→ **DIRECTIONS**:
Go to the line in the entries below that holds "Hat H-701V, Vented" and repeat exactly from there through the line that holds "Black//Olive BBUP 2", inclusive.

→ **RECORDS**:
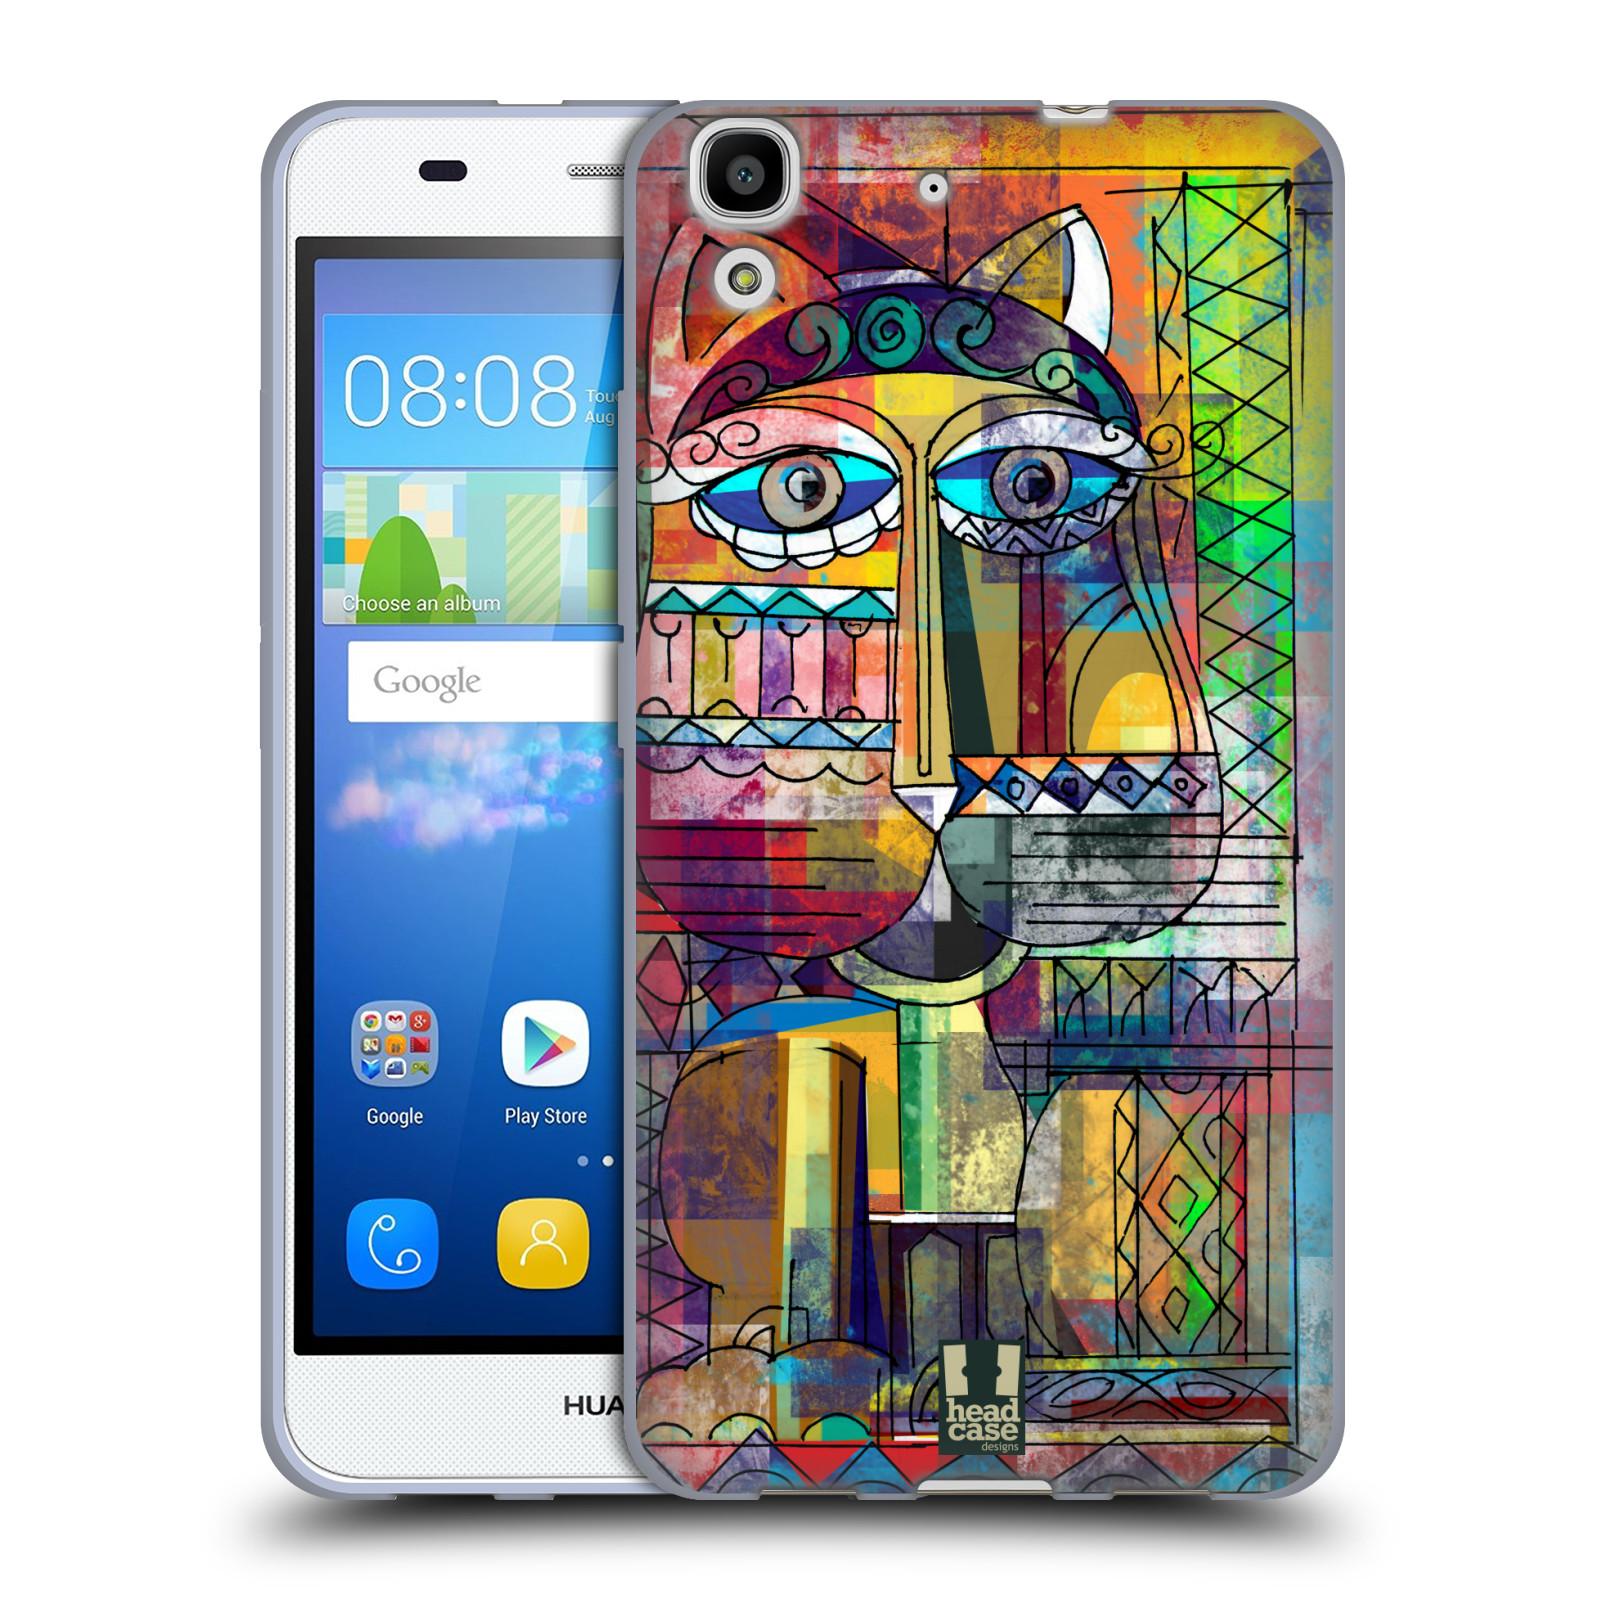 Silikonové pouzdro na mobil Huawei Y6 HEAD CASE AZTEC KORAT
==
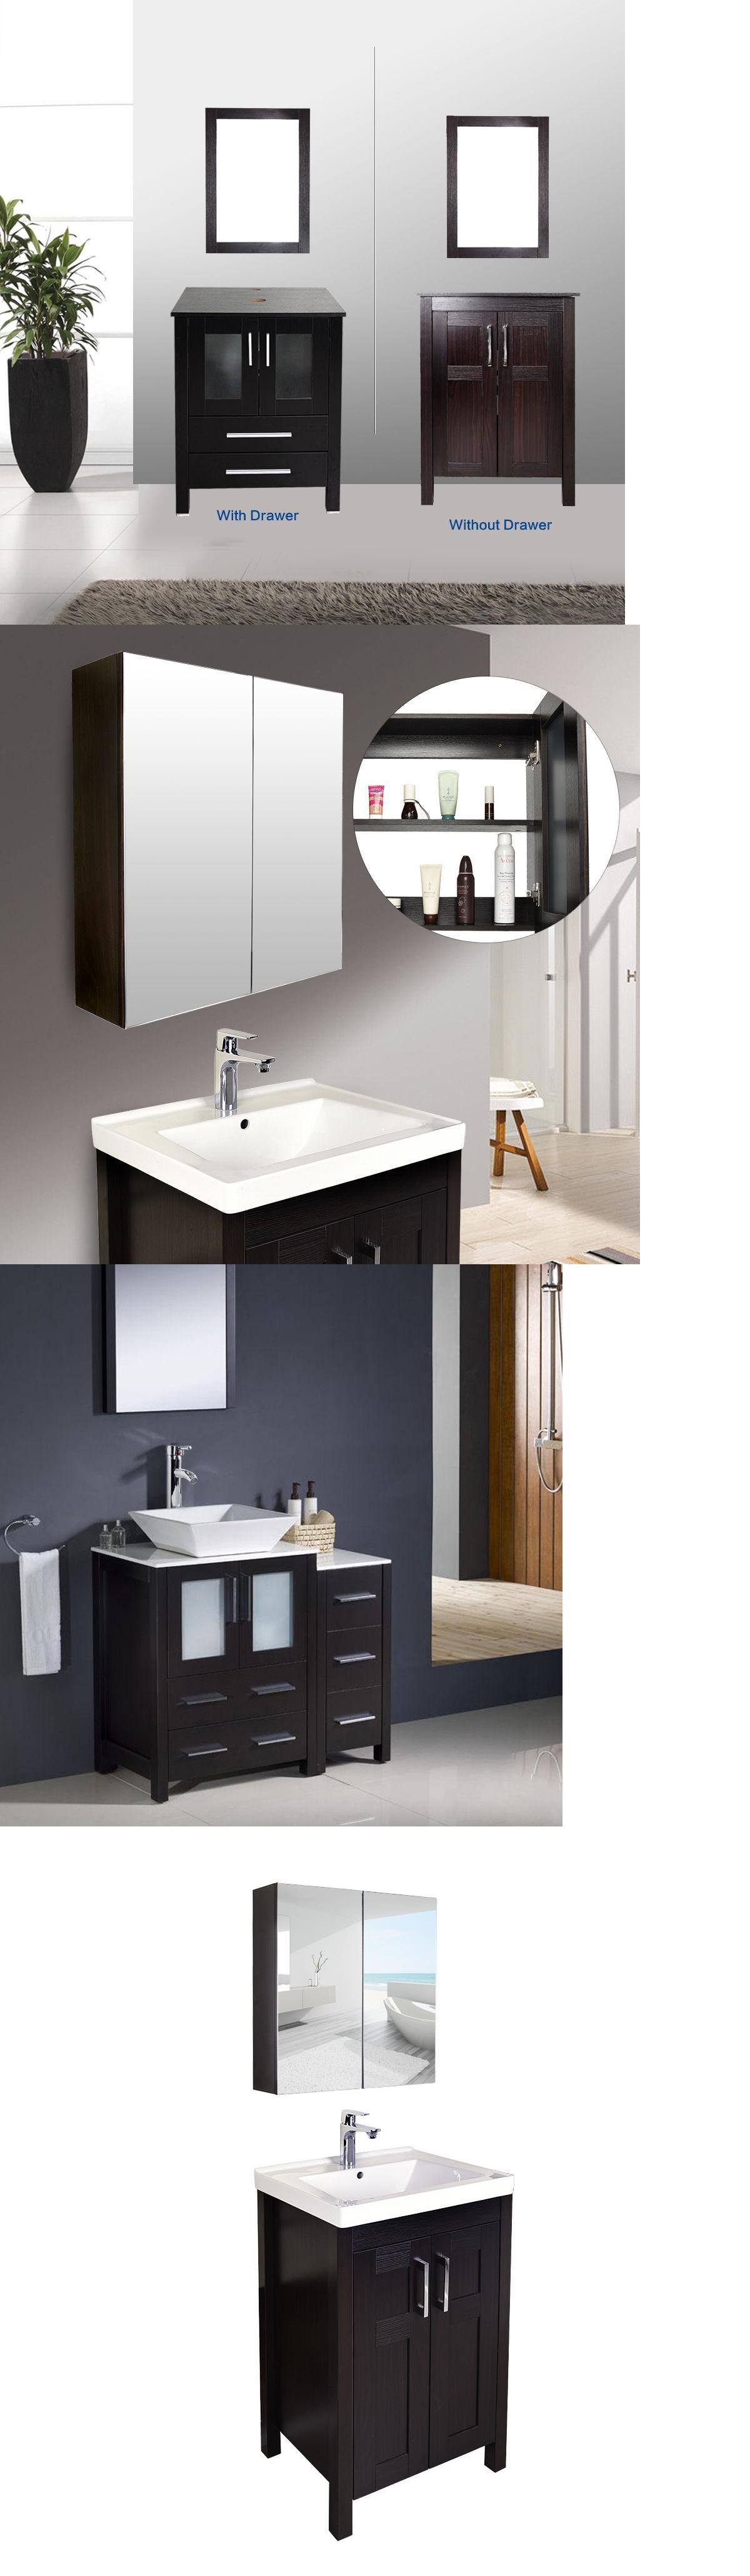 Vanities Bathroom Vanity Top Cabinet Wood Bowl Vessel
---
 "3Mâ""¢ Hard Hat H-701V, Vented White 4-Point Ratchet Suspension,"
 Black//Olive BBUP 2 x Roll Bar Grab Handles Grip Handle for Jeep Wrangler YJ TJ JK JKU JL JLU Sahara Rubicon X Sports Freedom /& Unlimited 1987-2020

→ **SOLUTION TO THE EXERCISE**:
 "3Mâ""¢ Hard Hat H-701V, Vented White 4-Point Ratchet Suspension,"
 Black//Olive BBUP 2 x Roll Bar Grab Handles Grip Handle for Jeep Wrangler YJ TJ JK JKU JL JLU Sahara Rubicon X Sports Freedom /& Unlimited 1987-2020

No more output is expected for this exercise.